Written by Naomi Martin, Director at New Horizon Centre and Commonside Community Development Trust
Many British people know that the Nazi invasion of Poland in September 1939 was the trigger for Britain to declare war. My father used to tell me how he was in the bathroom of a petrol station in Devon when he heard the news and knew that meant that as a country we were now at war. He described the hairs on the back of his neck standing on end.
Fewer people in UK know that on 17th September 1939 the Red Army invaded Poland from the East. Polish families and others living in that part of what was then Poland, were ripped from their homes, killed or sent in inhuman conditions on trains into exile in Siberia and Kazakhstan.

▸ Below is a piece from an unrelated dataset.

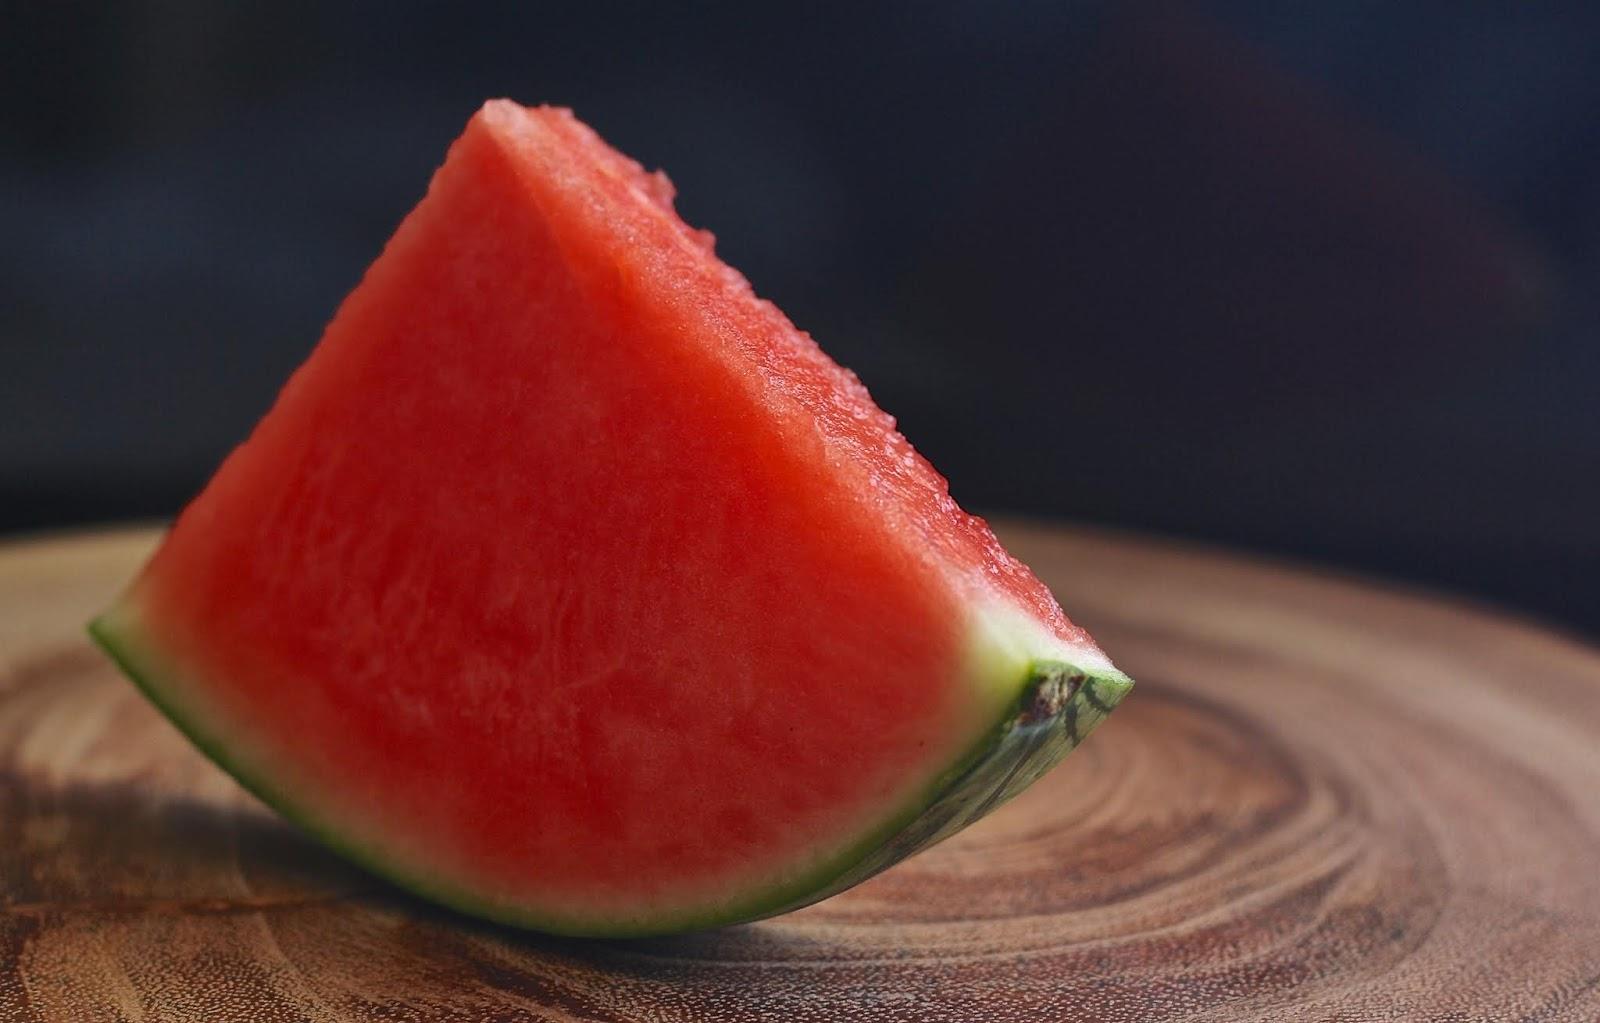 तरबूज के 9 अद्भुत लाभ   9 Amazing Benefits Of Watermelon in Hindi

Many of the men who survived walked hundreds of miles to join Anders Army in 1941, fighting for example in the Battle of Monte Cassino, 130km south of Rome, Italy.
Amongst millions of others, some of the deported Polish families were able to finally settle in Britain after 1945. It took years and years to settle and reunite those who survived and the traumas they endured were largely unaddressed. Polish veterans who fought in the British Armed Forces were not always well treated in the post-war Victory celebrations – they were told they could not take part in the March Pasts for fear of offending Stalin and the USSR government…
Even less well known in UK today is that this part of pre-1939 Eastern Poland (known as ‘Kresy’) is now part of Ukraine. Post-war Europe was carved up by Britain, US and USSR and Poles and Poland fared badly. This was a bitter experience that lives on in Polish memory.
So the Ukrainian families we see fleeing westwards and queuing for hours to get into Poland and other neighbouring countries, are fleeing over and from those same lands from which Polish families were torn in 1939.
THAT is one of the reasons why within hours on Friday 28th February, over 3,000 (and today 370,000) Polish people had signed up to a Facebook page headed ‘Help for Ukraine: lodgings and other help for Ukrainians’. Offers of transport, shelter and food were posted within minutes.
The lands that these people are fleeing are Tim Snyder’s ‘Bloodlands’ (Vintage Books, 2010) and history is repeating the war’s ravage and torment of innocent souls. A true nightmare. A nightmare that their grandparents and great-grandparents saw unfold with their own eyes.
Polish Family Association is working with these partners to support them to support refugees from Ukraine. All refugees.
We have set up a Crowdfunder page and would be very grateful if you are able to donate. The money will be properly managed and accounted for and will be used to pay for example, for additional expenses borne by Polish host families, the extra petrol needed to move people around and for first aid and medical supplies.
You may have read about the Scottish Journalist who was stuck in the traffic jam trying to get out of Ukraine at the weekend, with his wife, daughter and their tiny two-week old baby. He is now in Poland, sorting out visa requirements for UK and we know at least he, his children and his wife, have somewhere to shelter, eat and recuperate before they embark on the next stage of their journey.
This is thanks to the huge hearts and immediate practical action of people in Poland. They know of the ordeals, they feel them, and they leapt up to serve. Help us to help them.